» Information provided
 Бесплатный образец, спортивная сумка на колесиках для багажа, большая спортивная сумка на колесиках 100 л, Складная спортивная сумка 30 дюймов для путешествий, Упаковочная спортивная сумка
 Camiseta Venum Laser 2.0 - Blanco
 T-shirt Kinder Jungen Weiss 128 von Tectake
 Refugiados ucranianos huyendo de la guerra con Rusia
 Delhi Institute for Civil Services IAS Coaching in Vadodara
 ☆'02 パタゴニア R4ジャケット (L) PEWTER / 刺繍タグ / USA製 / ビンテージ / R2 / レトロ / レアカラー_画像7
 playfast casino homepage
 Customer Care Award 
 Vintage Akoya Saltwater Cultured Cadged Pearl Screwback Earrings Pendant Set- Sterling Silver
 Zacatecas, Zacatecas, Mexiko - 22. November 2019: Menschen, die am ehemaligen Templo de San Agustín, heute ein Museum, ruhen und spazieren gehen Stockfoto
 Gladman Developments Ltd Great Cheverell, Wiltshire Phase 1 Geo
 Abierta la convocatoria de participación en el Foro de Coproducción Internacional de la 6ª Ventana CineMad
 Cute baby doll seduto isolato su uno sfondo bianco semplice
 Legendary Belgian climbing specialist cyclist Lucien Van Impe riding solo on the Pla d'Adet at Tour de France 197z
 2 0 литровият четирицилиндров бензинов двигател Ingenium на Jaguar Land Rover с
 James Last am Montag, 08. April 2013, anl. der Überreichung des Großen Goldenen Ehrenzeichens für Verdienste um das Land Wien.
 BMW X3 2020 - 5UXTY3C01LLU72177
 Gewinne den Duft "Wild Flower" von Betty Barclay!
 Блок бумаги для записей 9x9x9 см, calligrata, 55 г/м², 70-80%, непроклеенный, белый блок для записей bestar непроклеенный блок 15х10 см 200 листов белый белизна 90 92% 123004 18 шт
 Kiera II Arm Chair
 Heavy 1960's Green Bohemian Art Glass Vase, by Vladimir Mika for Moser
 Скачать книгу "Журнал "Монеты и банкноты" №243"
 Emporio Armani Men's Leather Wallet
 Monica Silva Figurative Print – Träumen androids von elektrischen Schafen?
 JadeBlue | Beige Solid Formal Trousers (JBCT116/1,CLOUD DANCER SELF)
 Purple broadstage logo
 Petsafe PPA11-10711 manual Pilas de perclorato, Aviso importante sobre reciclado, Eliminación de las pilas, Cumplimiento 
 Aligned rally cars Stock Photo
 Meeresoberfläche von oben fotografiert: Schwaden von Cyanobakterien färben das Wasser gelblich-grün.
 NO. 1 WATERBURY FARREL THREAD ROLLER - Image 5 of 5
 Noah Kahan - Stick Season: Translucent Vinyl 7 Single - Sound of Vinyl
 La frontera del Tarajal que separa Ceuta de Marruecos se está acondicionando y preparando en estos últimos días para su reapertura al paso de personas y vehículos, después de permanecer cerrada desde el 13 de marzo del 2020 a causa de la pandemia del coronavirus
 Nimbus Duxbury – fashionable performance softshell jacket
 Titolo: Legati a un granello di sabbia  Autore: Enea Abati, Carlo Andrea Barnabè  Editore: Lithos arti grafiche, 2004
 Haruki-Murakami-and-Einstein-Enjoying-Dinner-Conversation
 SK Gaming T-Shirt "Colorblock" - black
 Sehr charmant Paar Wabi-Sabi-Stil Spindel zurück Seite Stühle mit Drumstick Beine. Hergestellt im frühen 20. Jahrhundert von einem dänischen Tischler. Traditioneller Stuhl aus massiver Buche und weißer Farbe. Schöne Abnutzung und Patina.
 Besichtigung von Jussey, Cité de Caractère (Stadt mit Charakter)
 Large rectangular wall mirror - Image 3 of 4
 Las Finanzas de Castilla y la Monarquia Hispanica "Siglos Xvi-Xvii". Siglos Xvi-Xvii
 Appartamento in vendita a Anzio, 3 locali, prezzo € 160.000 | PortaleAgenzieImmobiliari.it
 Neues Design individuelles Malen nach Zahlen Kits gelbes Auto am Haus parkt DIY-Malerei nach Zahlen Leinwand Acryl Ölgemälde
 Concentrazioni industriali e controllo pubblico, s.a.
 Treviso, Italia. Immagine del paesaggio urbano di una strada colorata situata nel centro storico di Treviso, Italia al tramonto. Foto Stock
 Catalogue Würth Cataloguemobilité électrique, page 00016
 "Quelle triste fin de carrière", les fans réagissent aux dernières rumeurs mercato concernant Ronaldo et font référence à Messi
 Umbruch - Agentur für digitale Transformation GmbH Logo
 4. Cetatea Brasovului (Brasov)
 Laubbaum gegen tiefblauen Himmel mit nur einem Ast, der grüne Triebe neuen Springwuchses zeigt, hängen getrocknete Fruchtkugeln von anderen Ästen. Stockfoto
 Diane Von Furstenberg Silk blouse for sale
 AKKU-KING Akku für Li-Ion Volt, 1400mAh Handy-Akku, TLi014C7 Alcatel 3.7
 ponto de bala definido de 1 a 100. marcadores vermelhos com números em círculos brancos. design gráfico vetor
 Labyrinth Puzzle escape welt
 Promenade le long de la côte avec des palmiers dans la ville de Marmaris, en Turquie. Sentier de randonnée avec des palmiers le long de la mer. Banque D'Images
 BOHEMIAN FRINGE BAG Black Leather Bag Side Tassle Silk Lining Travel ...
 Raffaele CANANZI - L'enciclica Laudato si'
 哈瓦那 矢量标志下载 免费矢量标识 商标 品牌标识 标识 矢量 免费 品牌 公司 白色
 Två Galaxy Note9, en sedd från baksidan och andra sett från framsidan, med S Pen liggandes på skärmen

» Work task
Return a word-for-word copy of the lines above from the one holding "2 0 литровият" through the one holding "Gewinne den Duft", with both of them included and nothing besides.

» Completed task
 2 0 литровият четирицилиндров бензинов двигател Ingenium на Jaguar Land Rover с
 James Last am Montag, 08. April 2013, anl. der Überreichung des Großen Goldenen Ehrenzeichens für Verdienste um das Land Wien.
 BMW X3 2020 - 5UXTY3C01LLU72177
 Gewinne den Duft "Wild Flower" von Betty Barclay!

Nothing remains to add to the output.